Districts struggle with soaring health costs

By Del Stover

1/28/03 – Rising health insurance costs are adding to the fiscal worries of local school officials, who already face one of the worst budget years in half a century.

Nationwide, health insurance costs rose 14.7 percent in 2002, according to Mercer Human Resource Consulting, an international consulting firm. For this year, costs are expected to rise another 14 percent.

Washington state employees protest an increase in their health insurance premiums.Such rate hikes were putting a noticeable strain on school budgets even before the current economic slowdown. But coupled with huge state budget deficits that have prompted mid-year cuts in K-12 funding in many states, rising insurance premiums have left some school systems struggling to make ends meet.

School systems across the nation report premium increases ranging from 9 to 40 percent. The extent of the rate hikes depend on a multitude of factors, including a district's number of employees, geographic region, state laws, and instances of catastrophic illnesses.
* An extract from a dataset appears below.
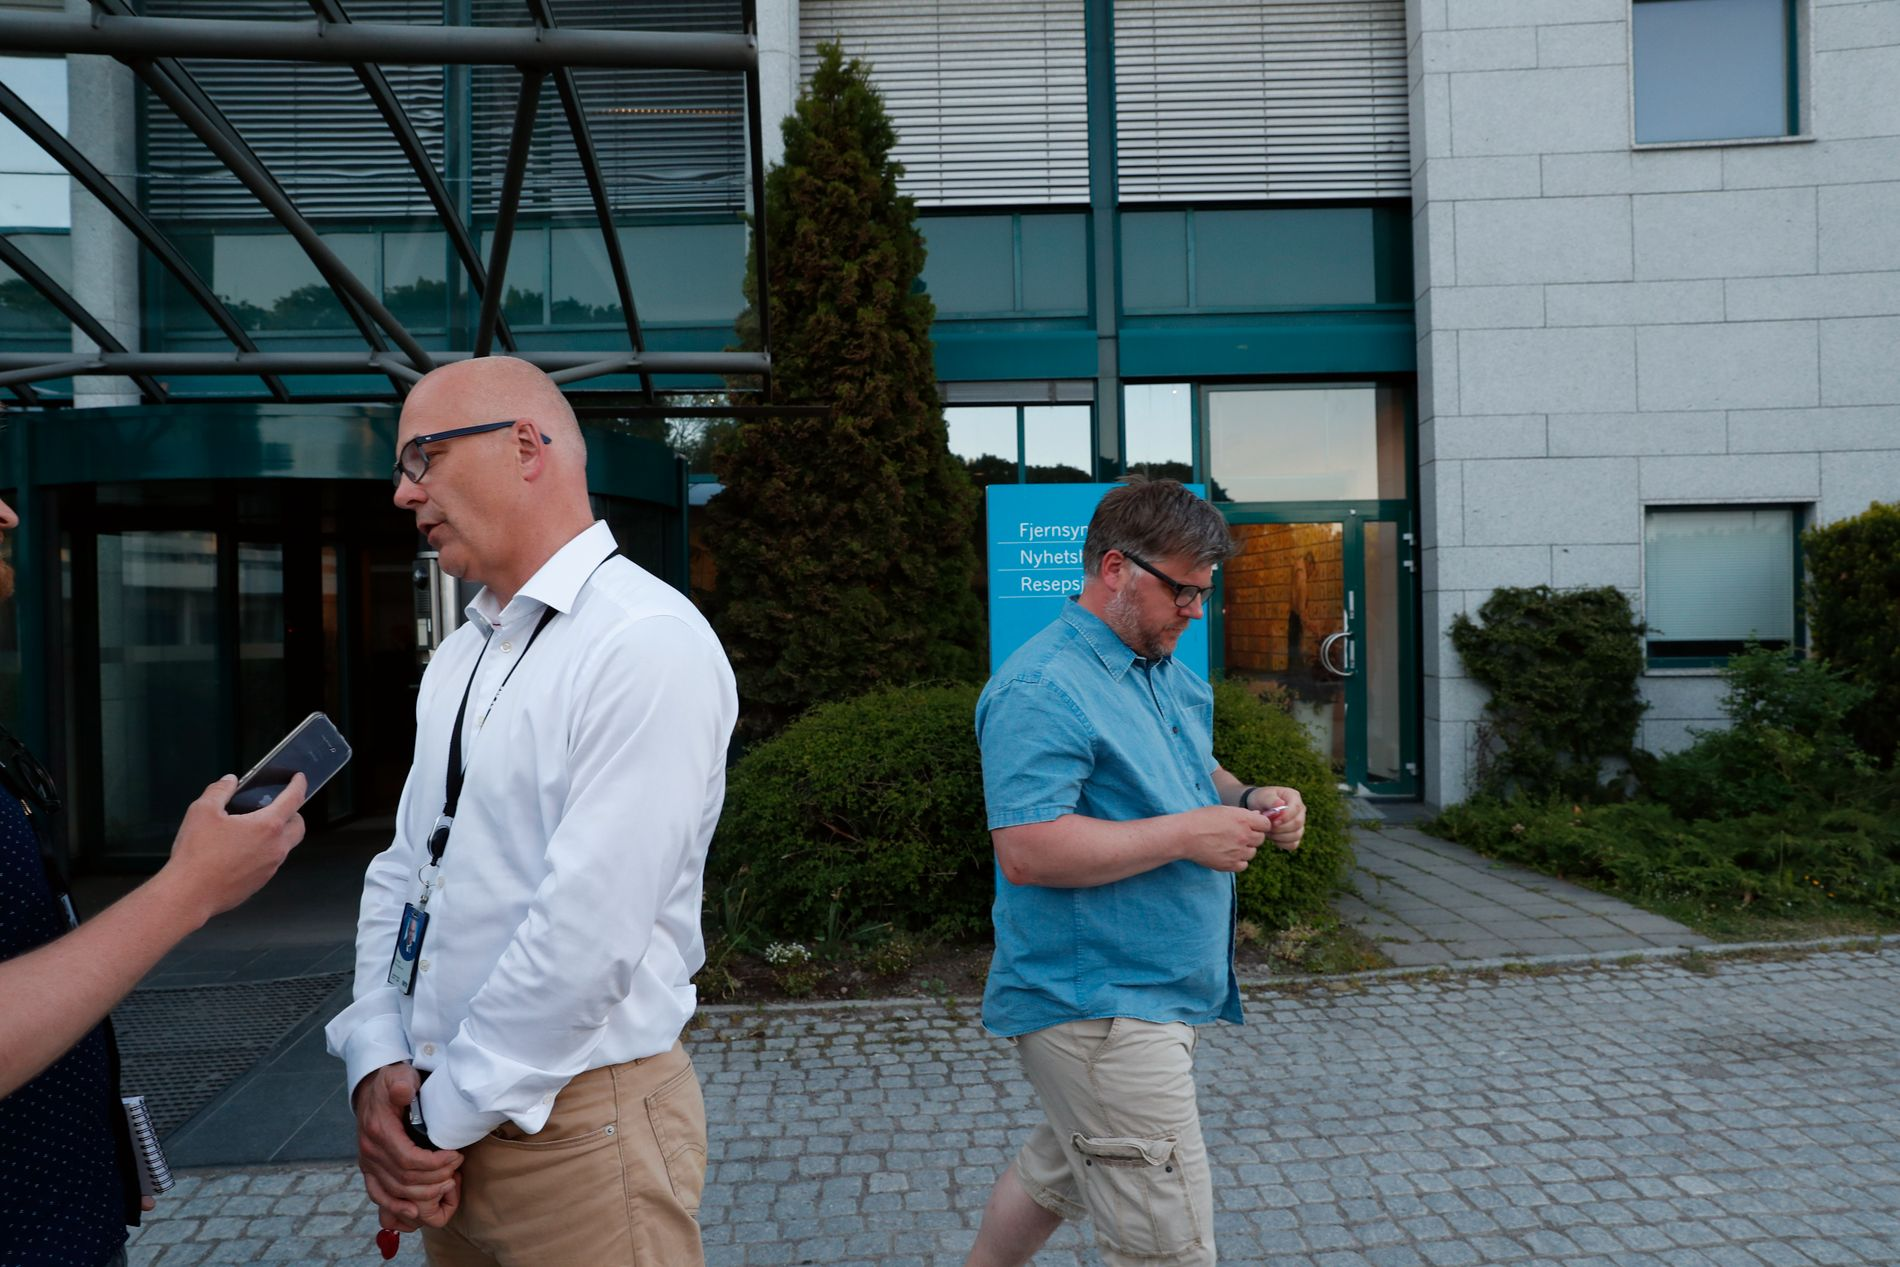 REFSER LEDELSEN: NRKJ-leder Richard Aune (t.h) sammen med kringkastingsjef Thor Gjermund Eriksen (t.v) like etter NRK-streiken ble avsluttet i mai. Aune går nå hardt ut mot ledelsen etter en artikkel i Nettavisen om utbetalinger til de ansatte.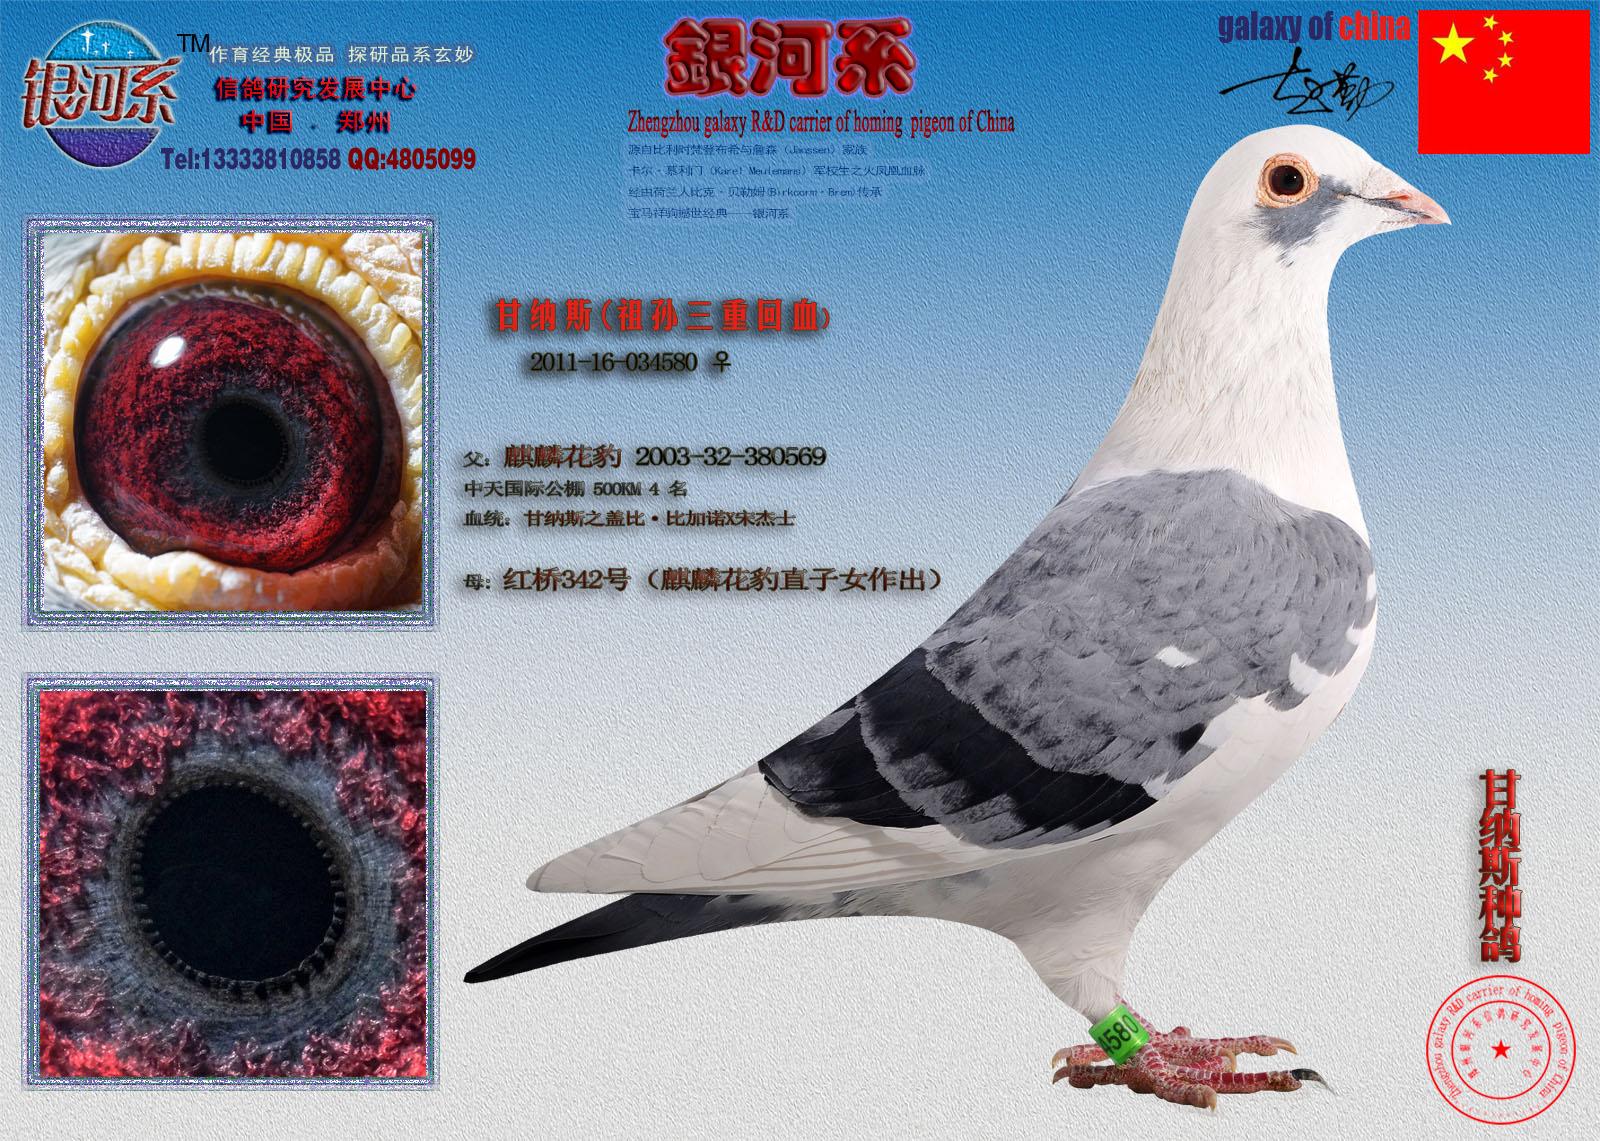 相关图片 眼睛大图 眼志与内线口大图 信鸽特征 &nbsp

The Houston school system certainly is feeling the impact. Health care coverage for 20,700 employees could cost the school system $115 million this year -- a 15 percent increase over what the district had expected. Overall, employee premiums will rise 40 percent.

Fifteen hundred miles away, officials in Carson City, Nev., say they've watched the cost of HMO services rise 125 percent since 1999. Yet, this year, HMO coverage rose a relatively tame 9.5 percent.
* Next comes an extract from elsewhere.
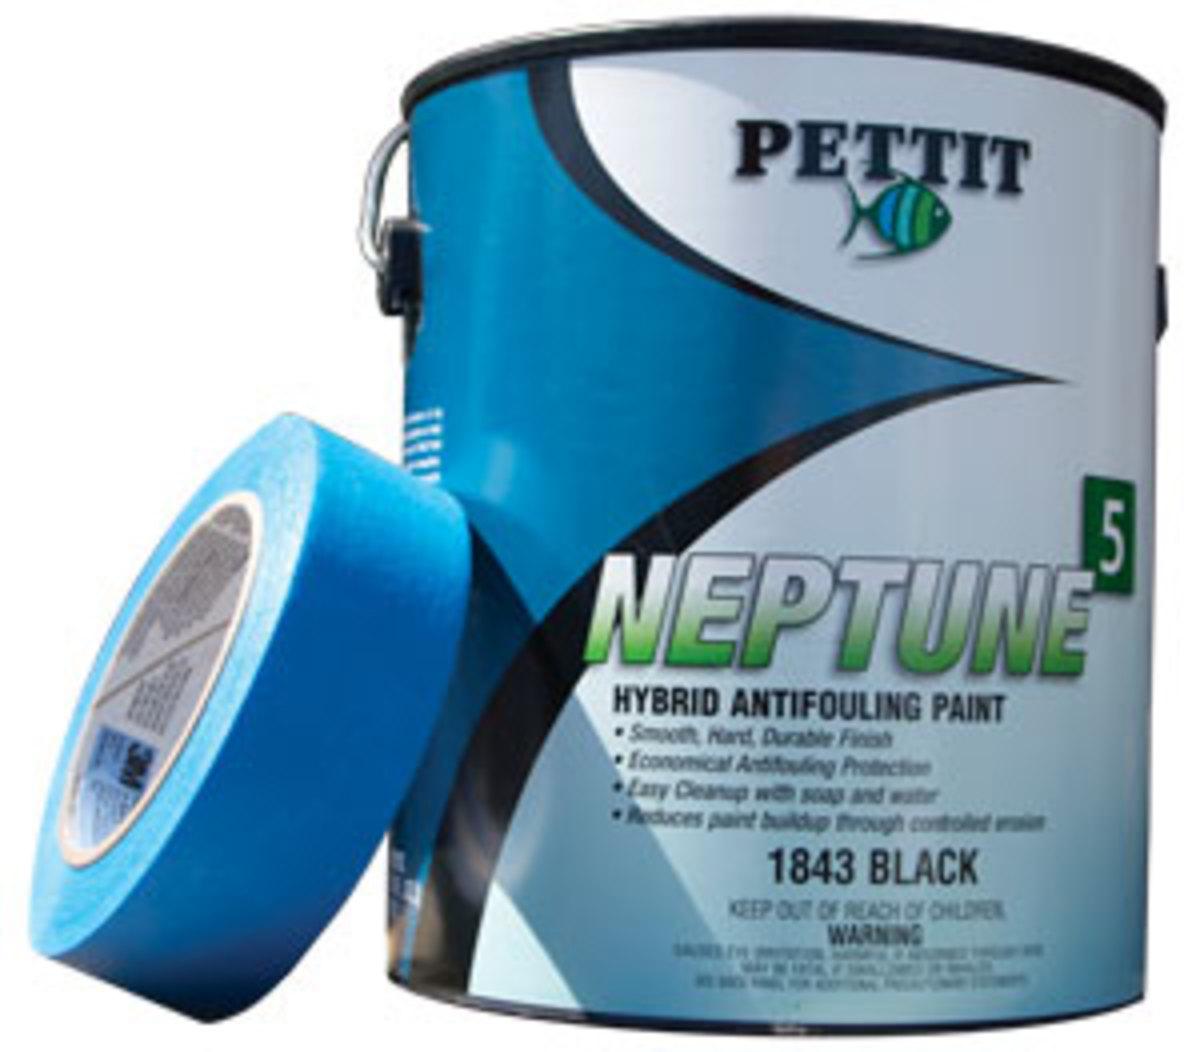 Neptune 5 Bottom Paint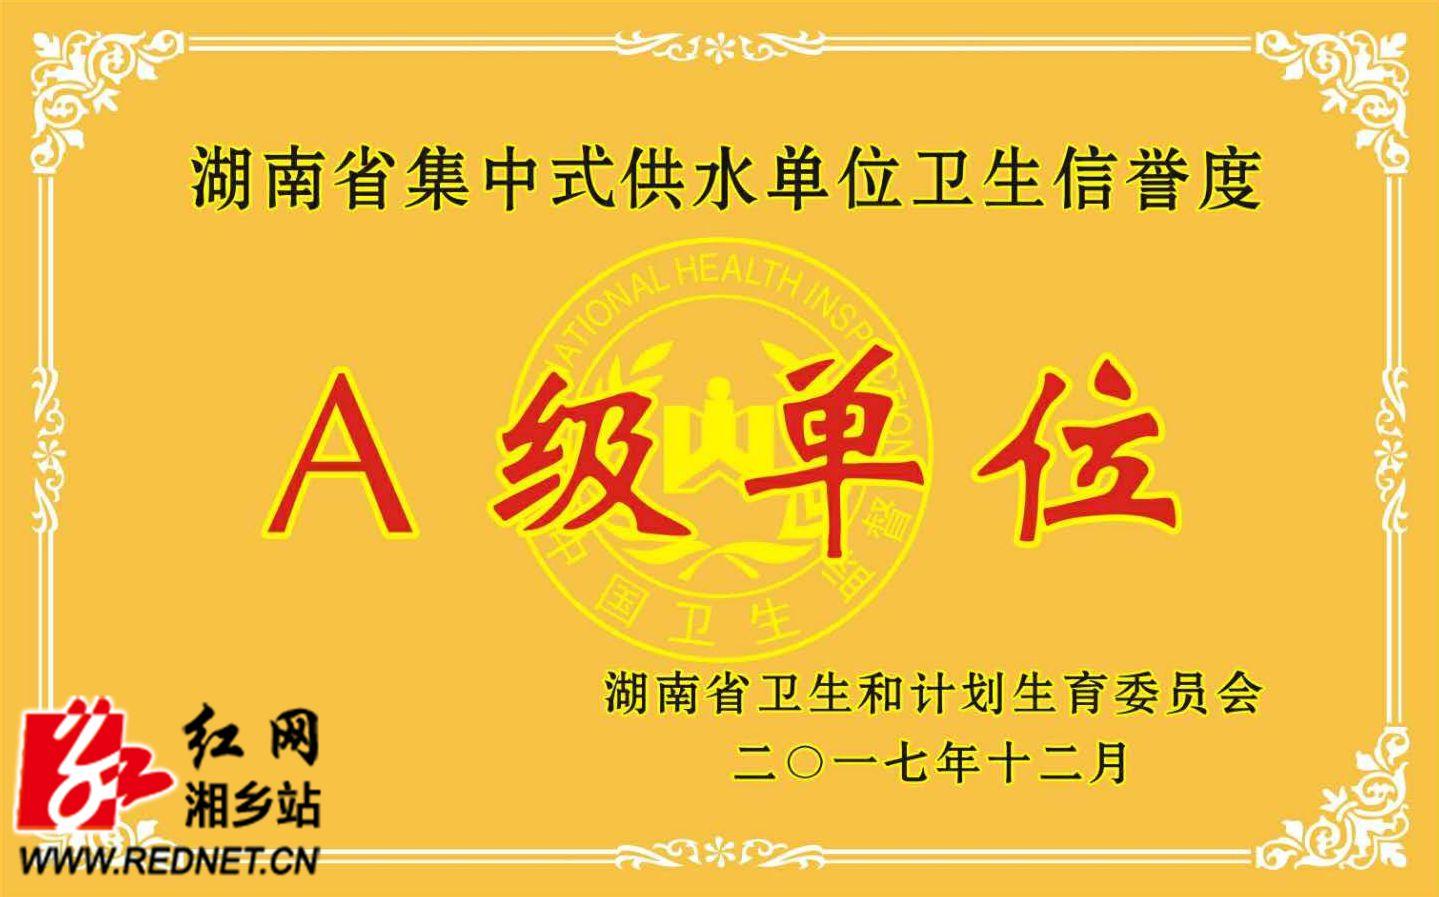 """城管局:供水处被评为""""湖南省集中式供水卫生信誉度A级单位"""""""

Not that single-digit inflation is particularly helpful when so many districts are in a financial crisis mode. Health care costs are not a discretionary expense, and unless something is done, spiraling costs will bust the budget.

"If we continue to see double-digit increases in health insurance coverage, then we're going to have to reduce services" in the education program, says Bob Anderson, director of fiscal services for the Carson City schools. "There's a limited amount of dollars out there."

There is no sign of immediate relief in sight. Rising health insurance costs are fueled by a variety of factors outside the control of the education community, including an aging work force, new and expensive medical technologies, ballooning prescription costs, and state and federal mandates expanding insurance coverage benefits.

Labor conflicts

An additional worry is that rising costs aren't just hurting fiscally. Unable to bear the financial burden alone, school systems are asking employees to shoulder more of the cost -- and that's putting a strain on labor relations in some communities.

A National Education Association survey of teacher strikes last fall found that health care costs were a factor in every dispute -- and sometimes the main point of contention, says NEA collective bargaining specialist Don Morabito.

"In bargaining terms, we're finding this an increasingly difficult issue," he says. "We want to hold onto what we have, but the cost keeps going up, so there's fewer and fewer dollars available for anything else -- like salary increases."

That was readily apparent to officials in Carson City, where contract negotiations reached an impasse last spring -- partly over health care coverage. At the time, school officials said they could no longer afford to provide teachers with what they called a "Cadillac" health care plan.

The dispute ultimately was settled with the help of a federal mediator, and the school system continues to pay 100 percent of employee premiums. But teachers and support staff also were called upon to pick up part of the tab: Co-payments for each doctor's visit were doubled, and the cost of some preventive care services are shared with employees.

Passing along such costs is, in fact, increasingly common -- but varies widely in extent. The Hartford, Conn., school board recently won concessions from the teachers union calling for teachers to pay 14 percent of their annual premiums by 2004, up from 10 percent today.

In Massachusetts, the Greater New Bedford Regional Vocational Technical School District now requires employees to pay 35 percent of premium costs. Anticipating sizable cuts in state aid this year, officials say that figure could climb to 50 percent in the future.

Such strategies offer some relief to stretched school budgets. But teachers union officials warn that salaries are not all that high to begin with -- and any attempt to reduce take-home pay could undermine efforts to boost teacher quality as required by the No Child Left Behind Act.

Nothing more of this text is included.